| GIVEN DATA |
-=-=-
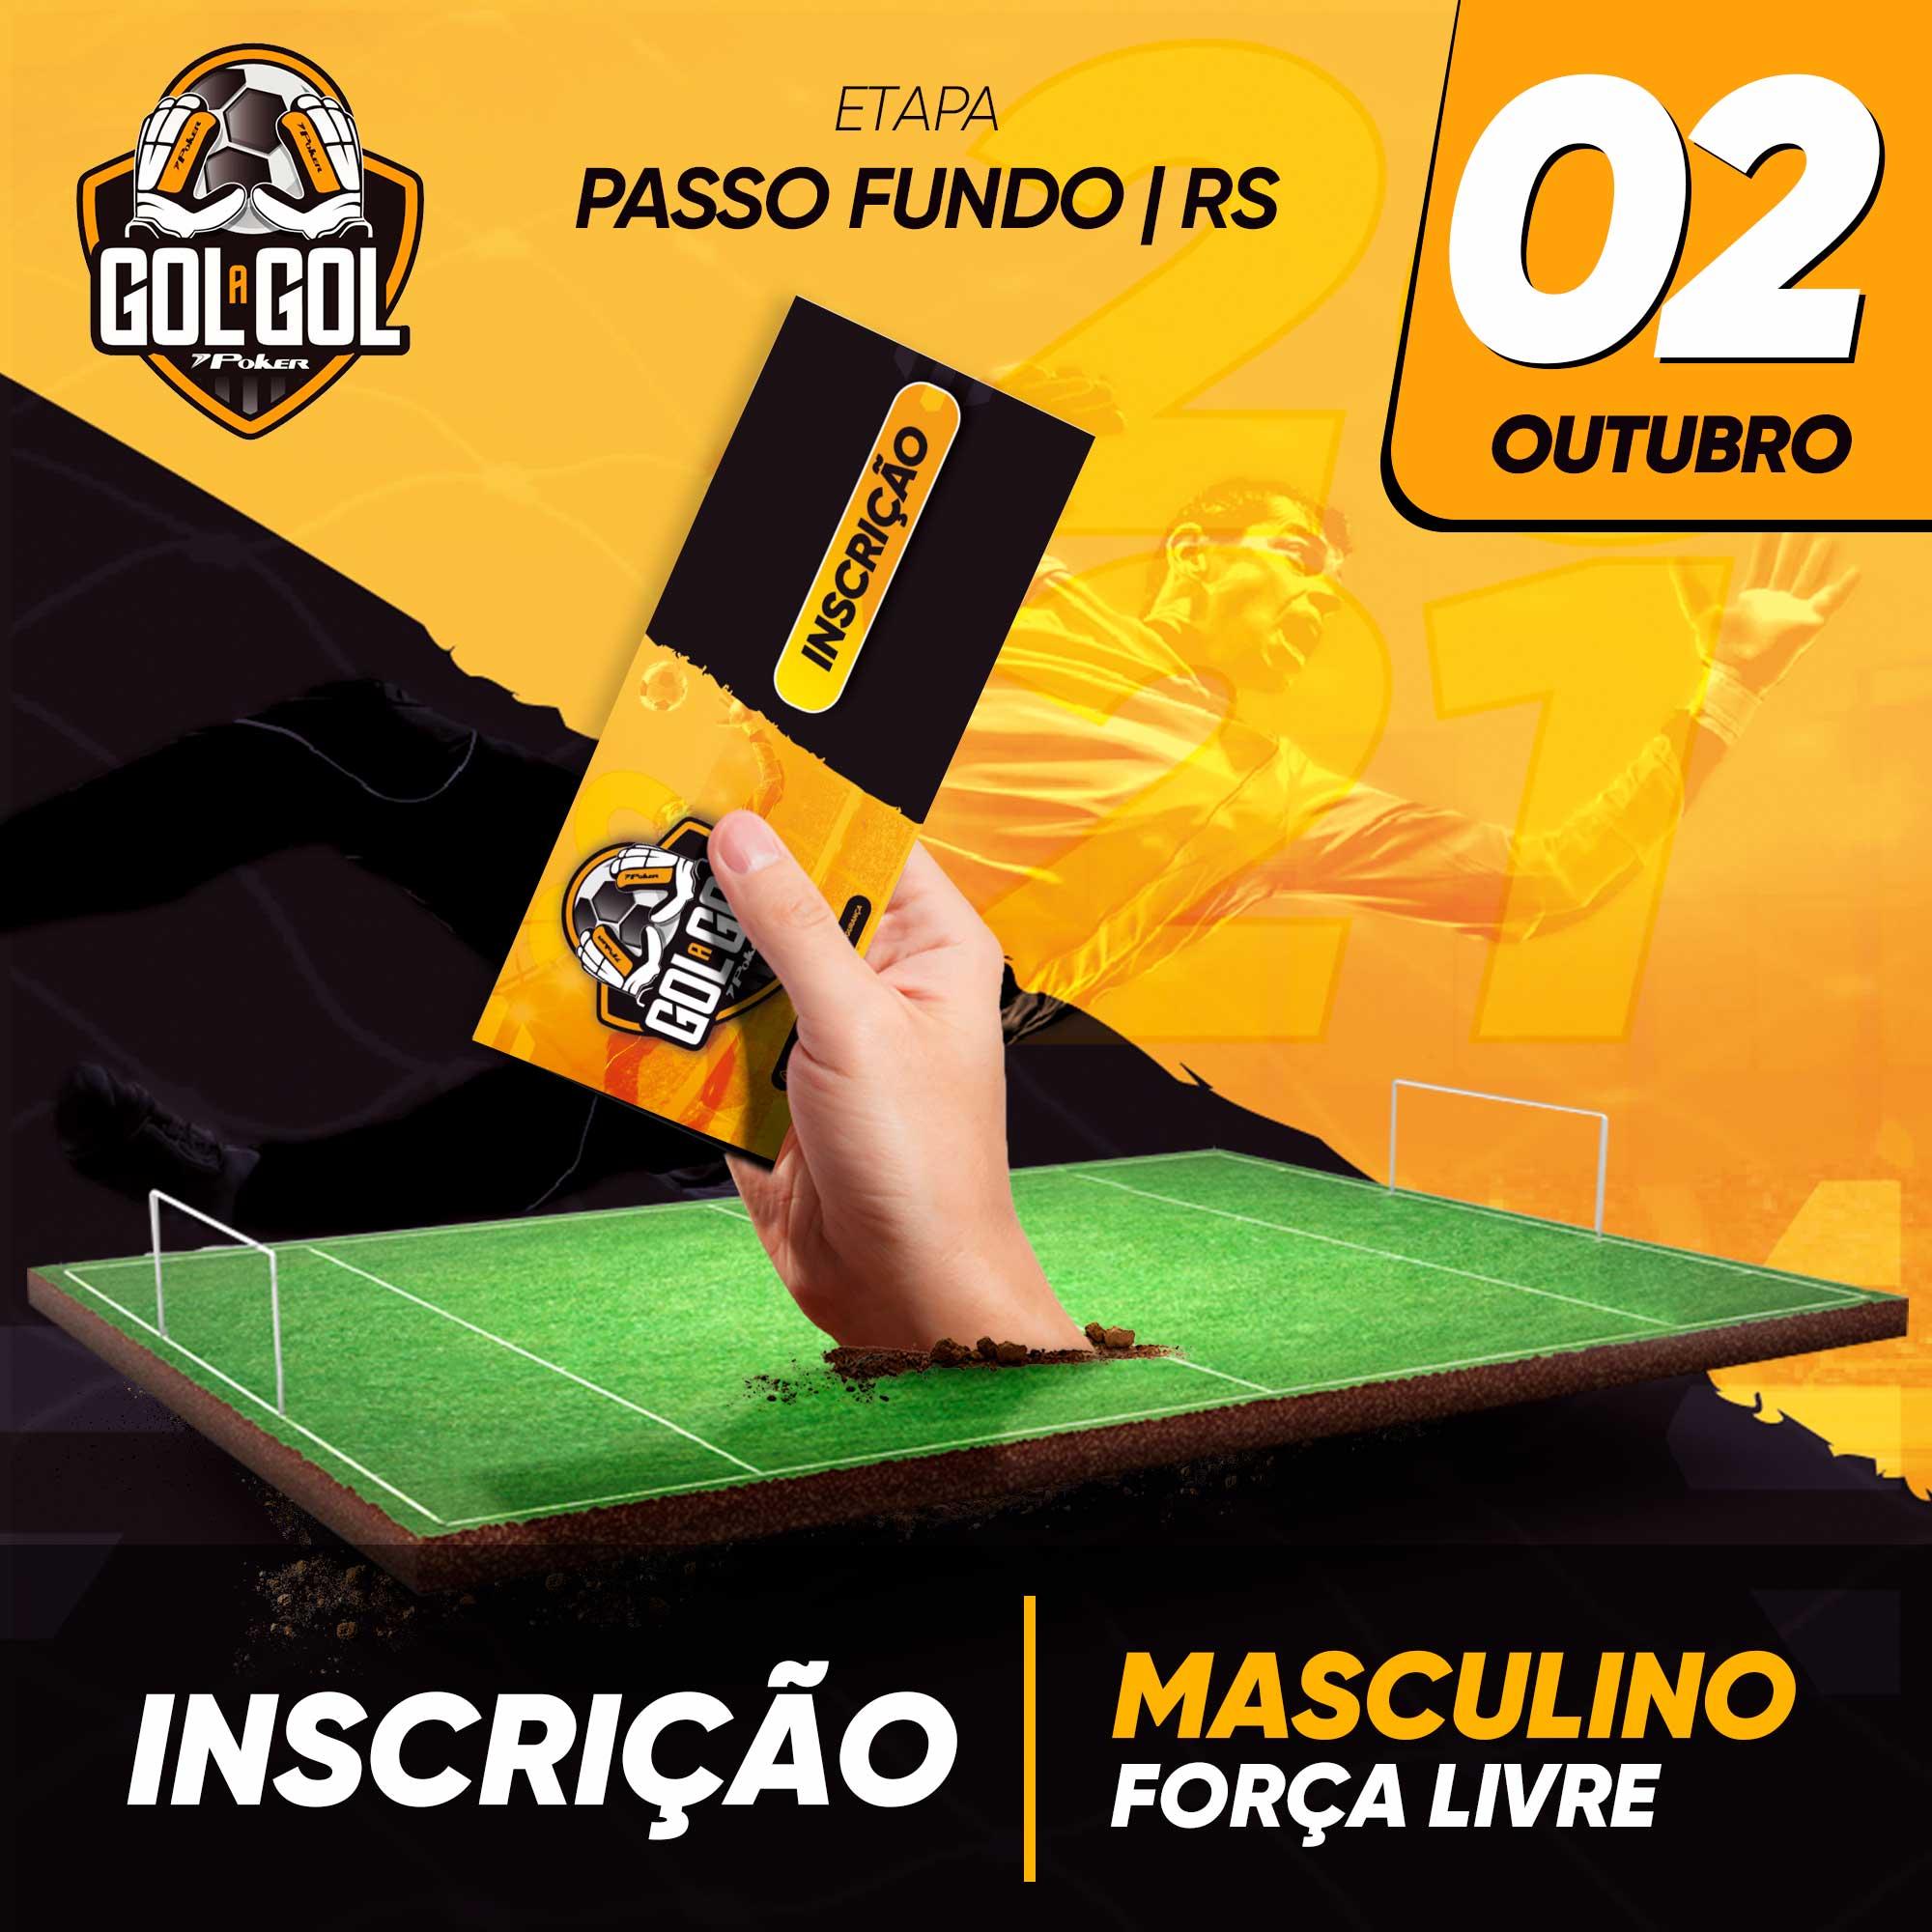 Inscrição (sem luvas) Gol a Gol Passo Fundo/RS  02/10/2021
-=-=-
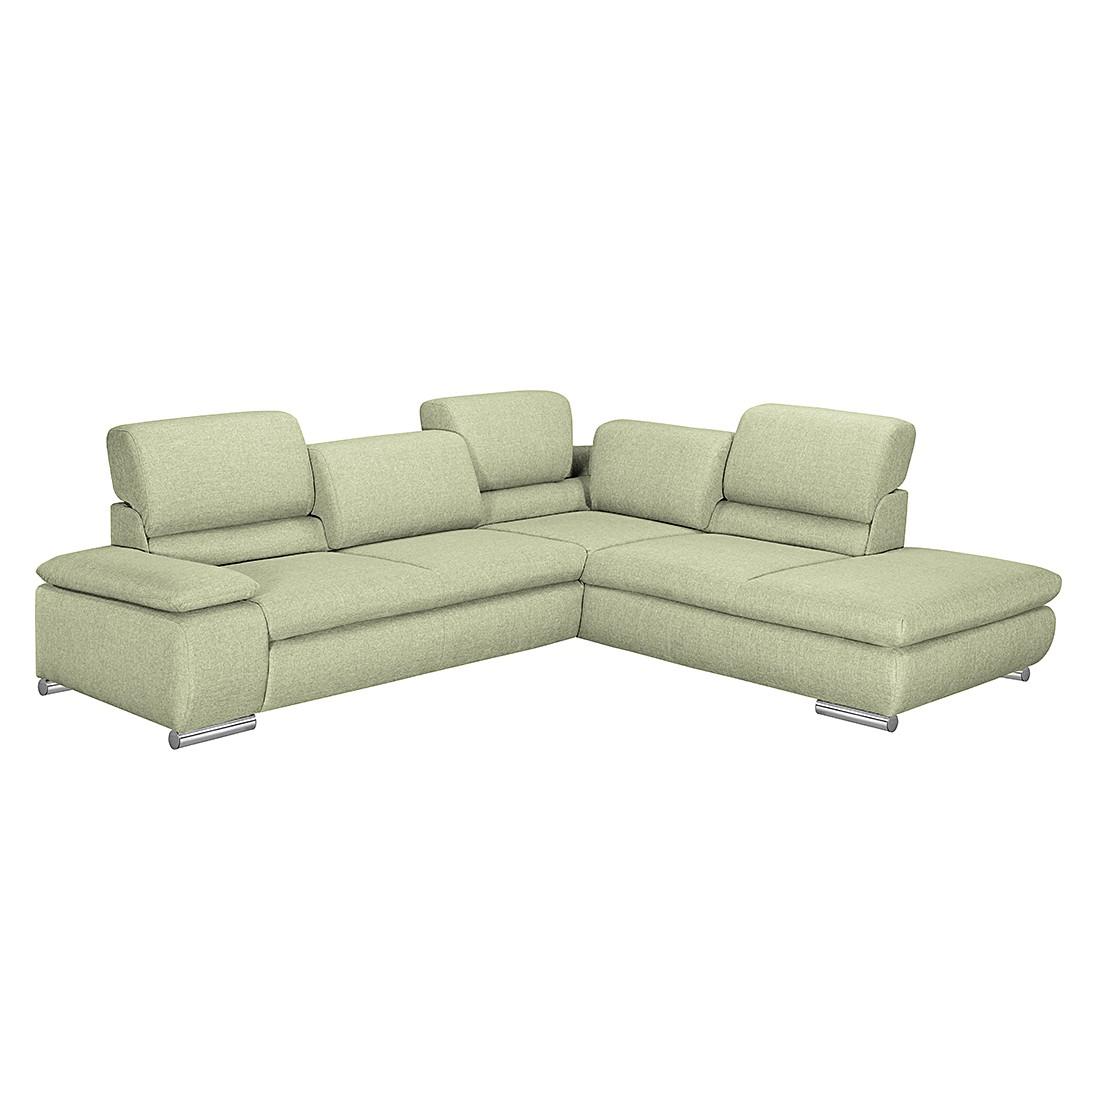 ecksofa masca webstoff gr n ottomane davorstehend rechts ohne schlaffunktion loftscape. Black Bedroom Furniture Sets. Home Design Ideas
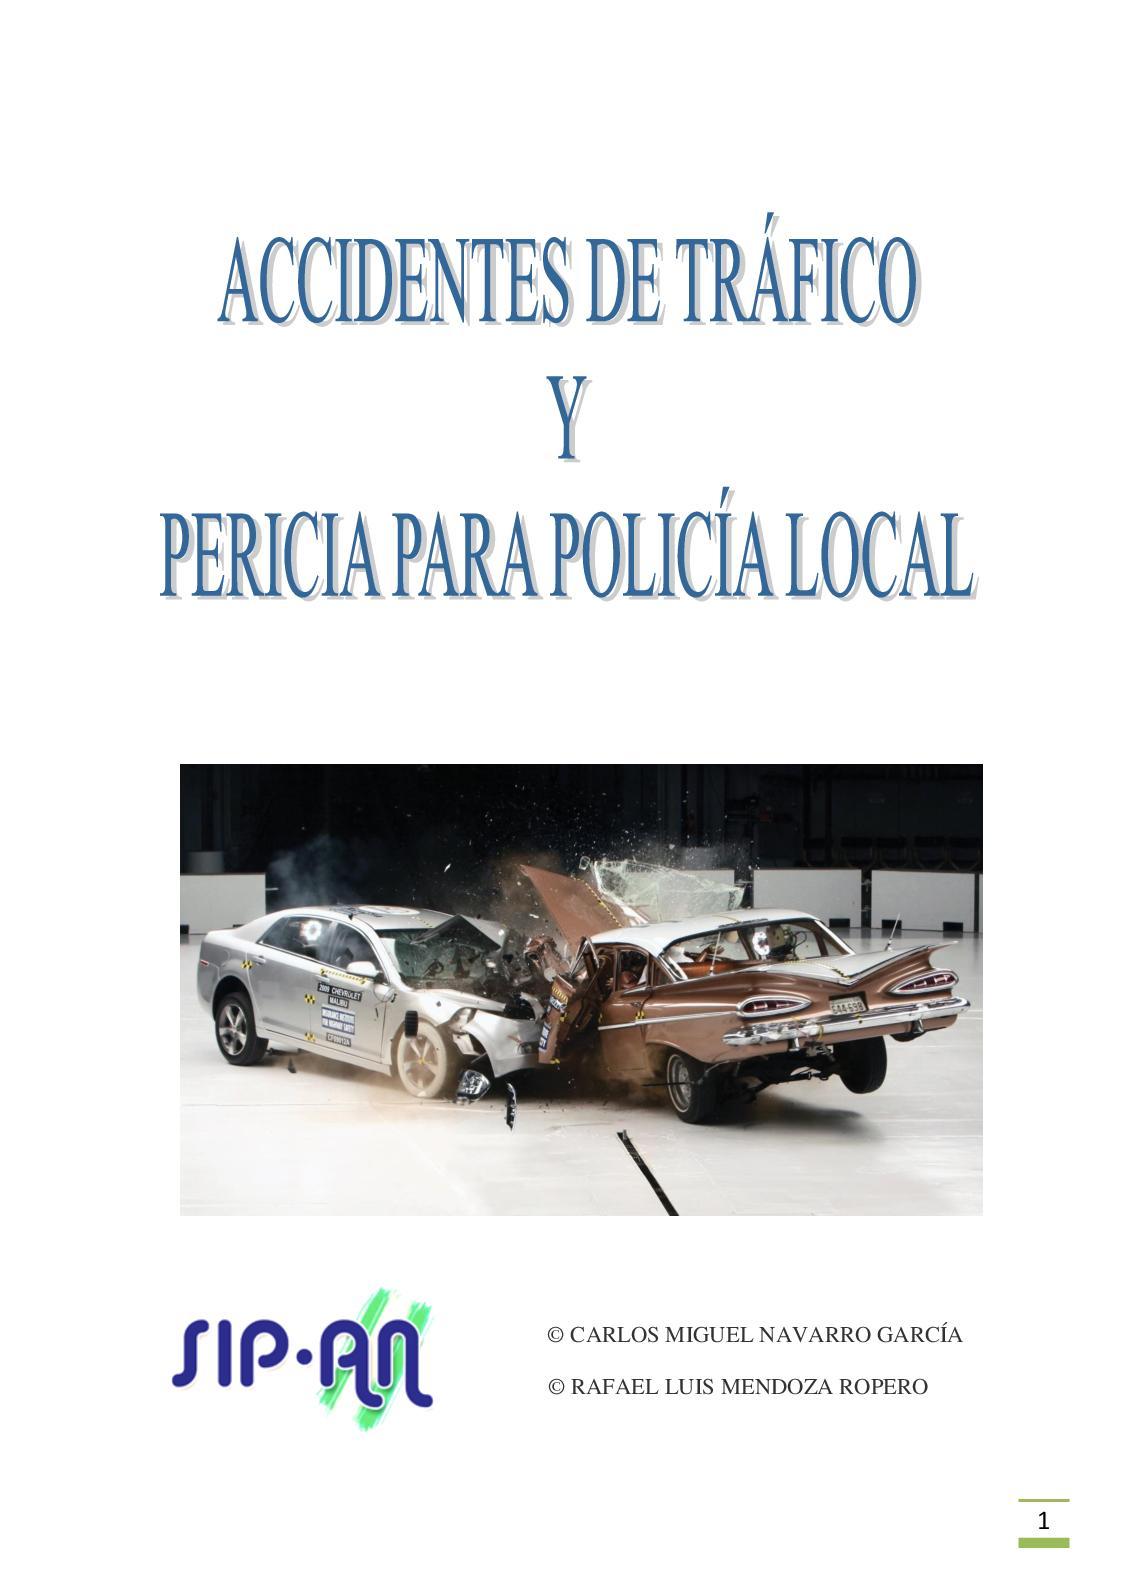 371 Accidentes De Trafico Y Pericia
-=-=-
| TASK |
Go to the line above that has "ecksofa masca webstoff" and copy exactly from there down to the line that has "371 Accidentes De Trafico Y Pericia", both included. Leave the pictures out.

| EXPECTED OUTPUT |
 ecksofa masca webstoff gr n ottomane davorstehend rechts ohne schlaffunktion loftscape. Black Bedroom Furniture Sets. Home Design Ideas
 371 Accidentes De Trafico Y Pericia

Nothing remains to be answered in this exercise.